OAO Magnit, Russia's second-largest supermarket chain by sales, said first-half profit soared more than five times as the company added new stores and rising wages helped lift food sales in existing outlets.
Net income surged to $20.9 million from $4.1 million a year earlier, the Krasnodar, Russia-based company said today in an e- mailed statement. Sales advanced 55 percent to $1.07 billion, in earnings to International Financial Reporting Standards.
Magnit added 182 new discount supermarkets and won more customers at existing stores as Russia's eighth year of economic growth boosted consumer spending. The company started the year with 1,500 outlets. Like-for-like sales, or revenue at stores open at least a year, advanced 12 percent in ruble terms, excluding value added taxation.

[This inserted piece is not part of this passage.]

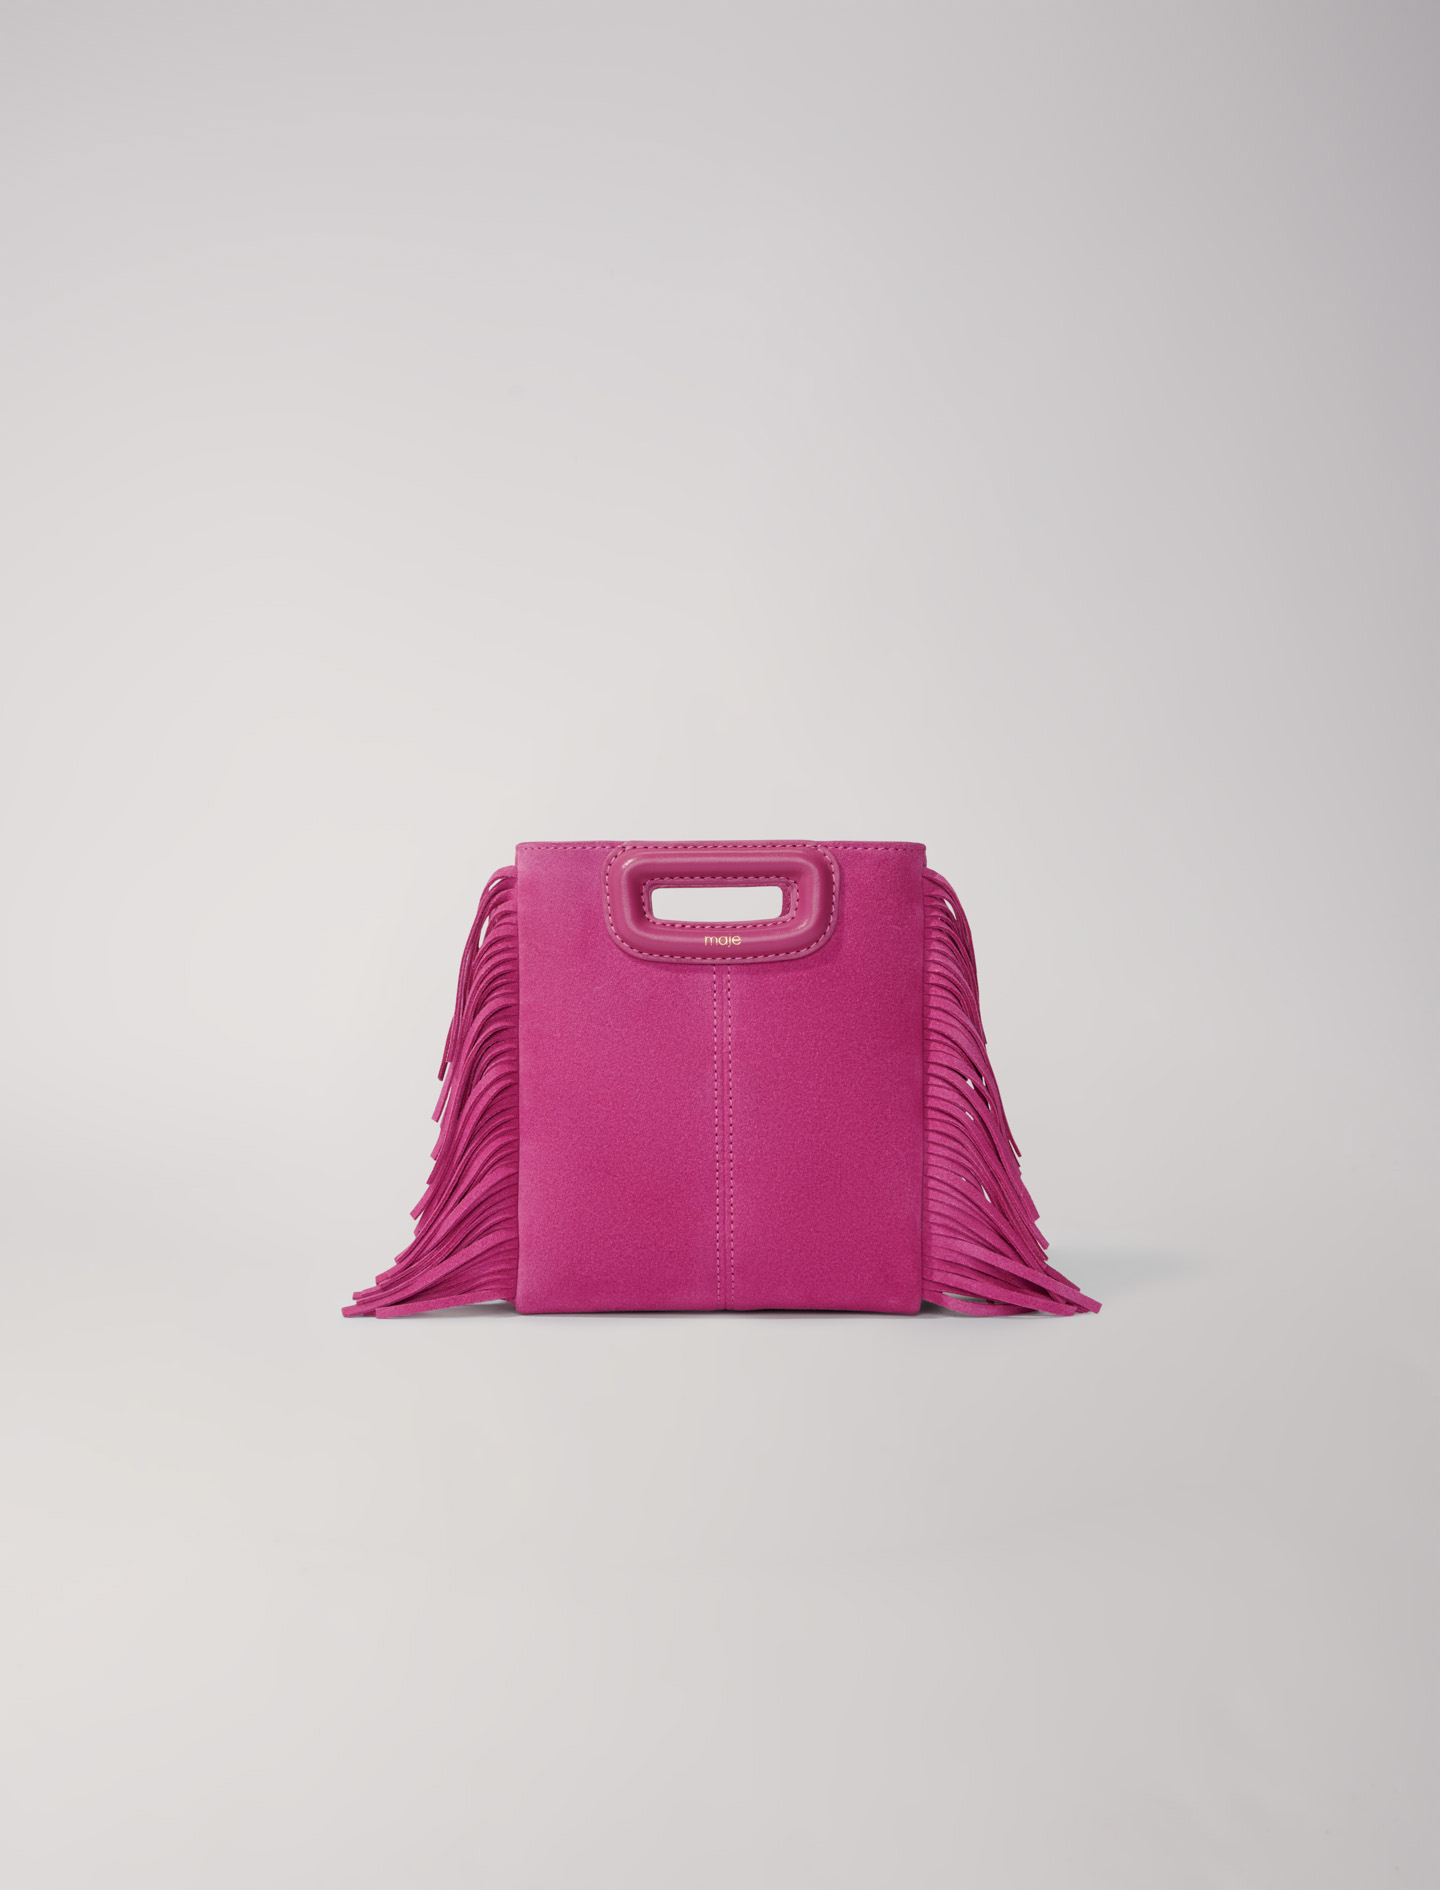 Mixte's cotton Chain: M mini bag in suede leather for Spring/Summer, size Mixte-All Bags-OS (ONE SIZE), in color Dark pink /

That allowed the company ``to comfortably upgrade our full year net sales expectations to $2.39 billion, excluding VAT,'' Chief Executive Officer Sergey Galitskiy said in today's statement.
The company's previous forecast was $2.3 billion for this year's revenue, excluding VAT, according to a prospectus issued by Deutsche Bank AG's Russian brokerage that organized the retailer's April initial public offering. Sales in 2005 totaled $1.58 billion.

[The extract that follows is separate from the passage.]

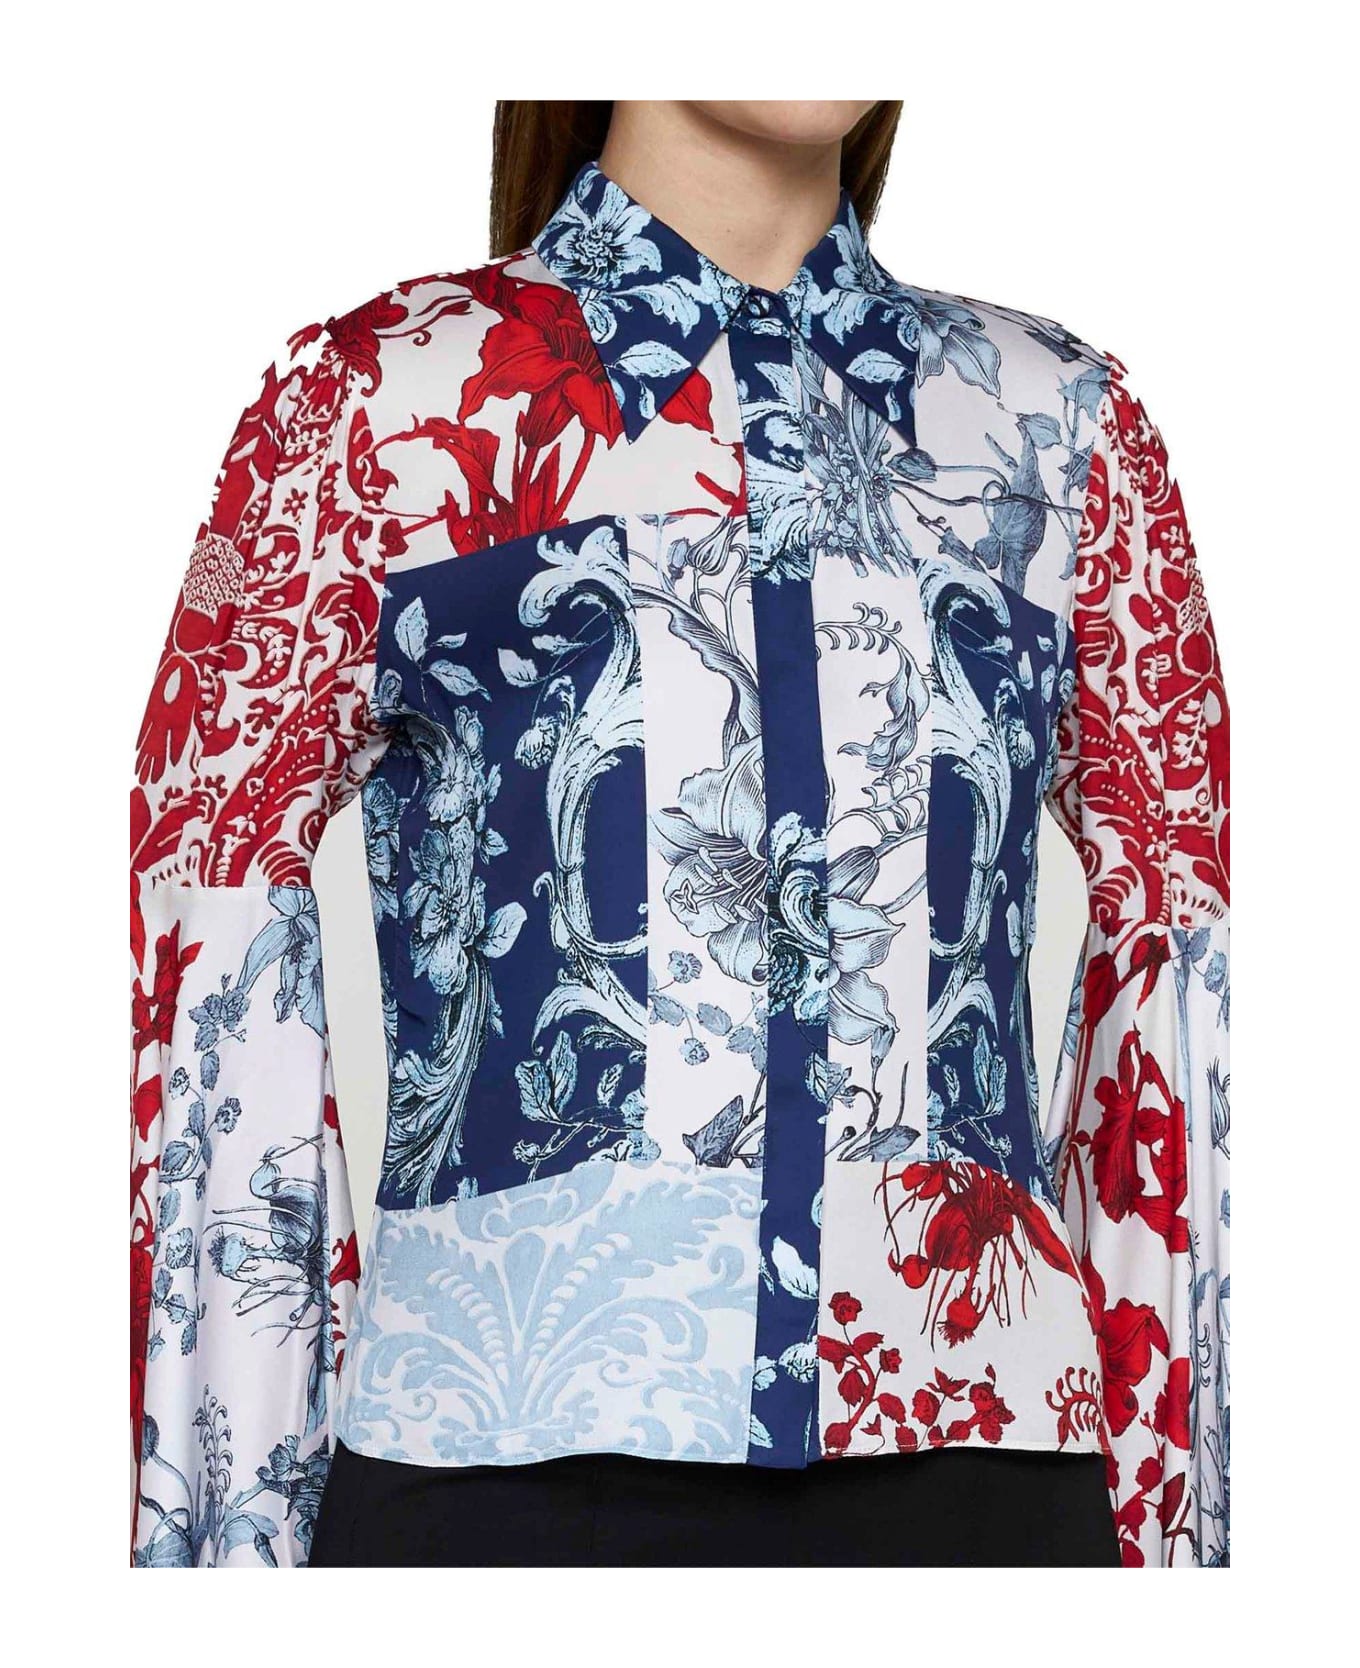 Alice + Olivia Willa Floral-printed Bell-sleeved Blouse - Blue

Magnit shares rose 50 cents, or 1.8 percent, to a record $29 on the Russian Trading System in Moscow, valuing the company at $2.1 billion. The stock has advanced 7.4 percent since the April 27 IPO, which raised $368 million for the company and its main owners.
Operating expenses, excluding rent, totaled 10 percent of sales, more than the company's target. The grocer aims to cut costs by shifting to longer-term rent agreements and is buying property with funds raised from the IPO, it said today.
The company also plans to open hypermarkets ``to get access to the broader base of consumers'' and will start construction on the ``six best sites in our home markets'' in September.
Magnit has outlets in more than 470 towns, most of them located in Russia's southern, central and Volga regions, and some in the northwest and the Urals. The grocer aims to open at least 250 stores annually and is focusing on cities with populations of less than 500,000 to reach consumers with average incomes, according to its Web site.